Ten times? 50 times?? 100 times???

A new report from the High Pay Centre notes that, since the late 1990s, executive pay has grown from 60 times that of the average UK worker to nearly 180 times and that more radical action is needed if the gap between top bosses and everyone else is to return to more proportionate levels.

The Government should consider requiring companies to cap executive pay at a fixed multiple of their lowest-paid employee, according to the High Pay Centre think-tank.

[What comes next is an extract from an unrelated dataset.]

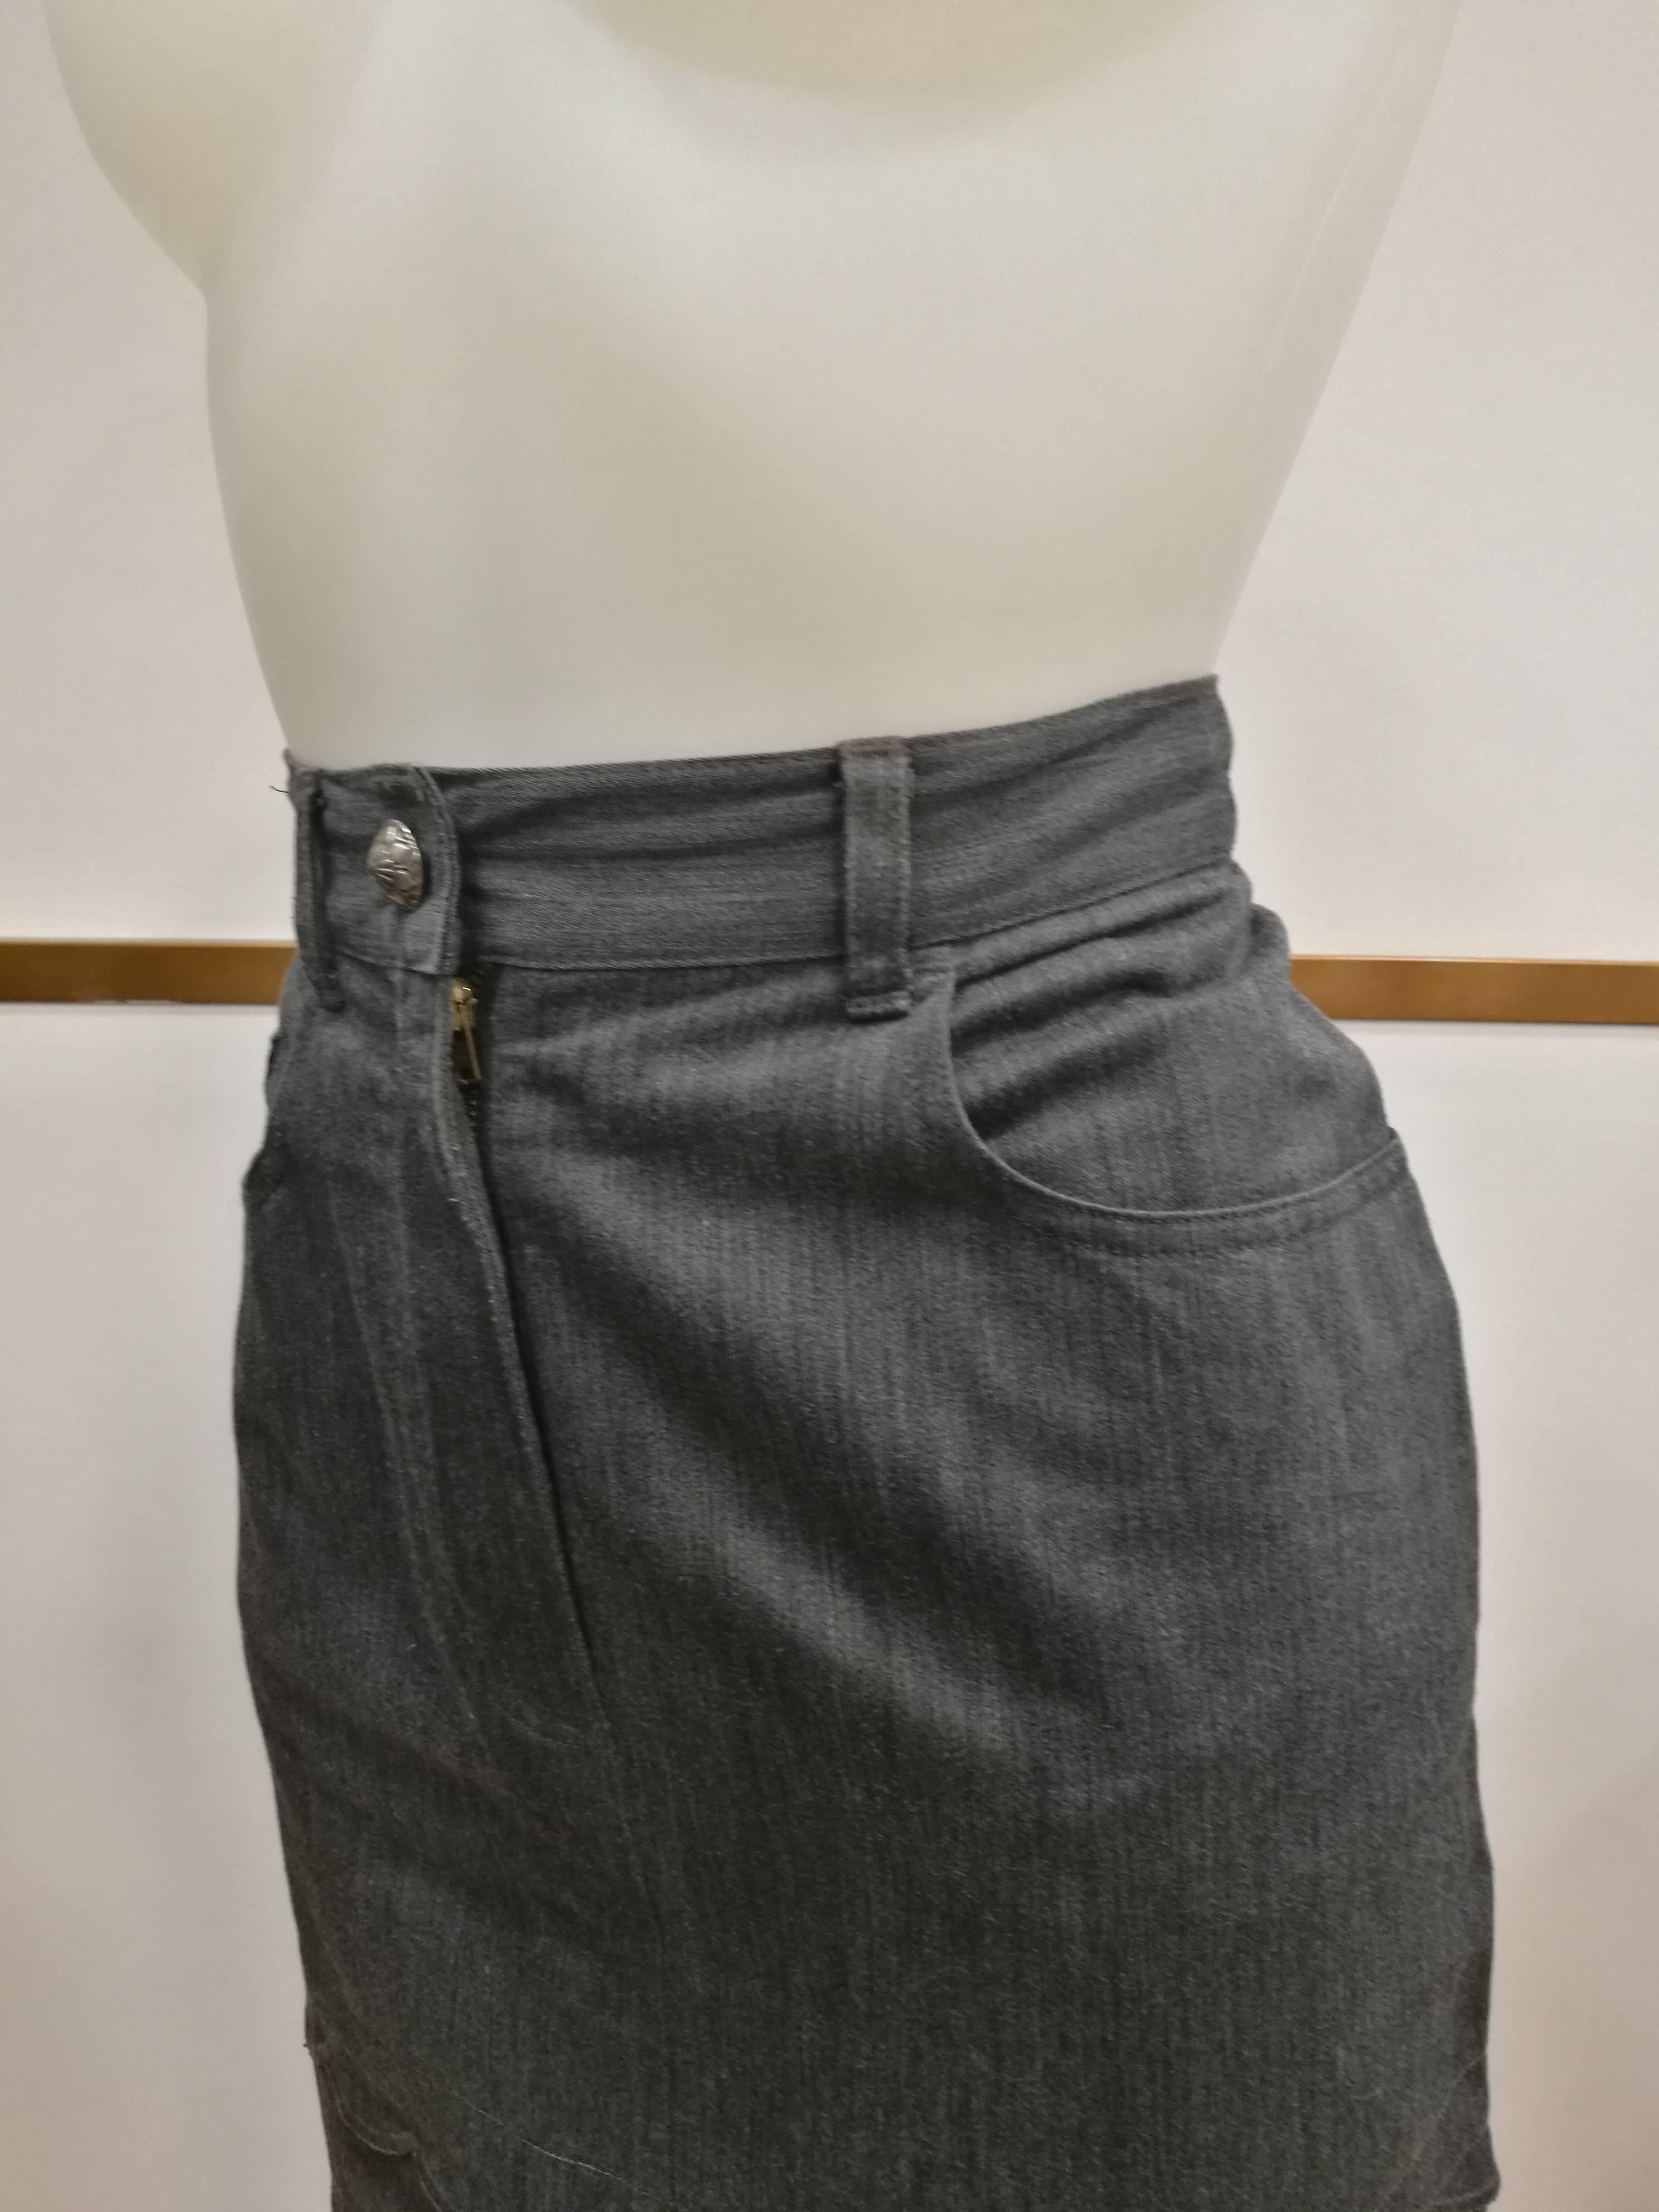 Moschino Jeans Grey Cotton Skirt In Excellent Condition For Sale In Capri, IT

Though a vote in Switzerland proposing a maximum pay ratio of 12:1 between the highest and lowest earners was defeated last year, UK companies John Lewis (for whom my brother works) and TSB have already adopted a less radical 75:1 ratio. The High Pay Centre notes that different ratios could be applied to different sectors, based on the advice of businesses, employees and academic experts.

The report also proposes:

  • Representation for workers on company boards and the ‘remuneration committees’ that set executive pay, as well as on city pay regulators.
  • A national ‘inequality target’ based on previous legally-binding commitments to reduce child poverty and carbon emissions
  • Compulsory profit-sharing, so that if a company does well and the CEO receives a large bonus payment, ordinary workers also receive a windfall.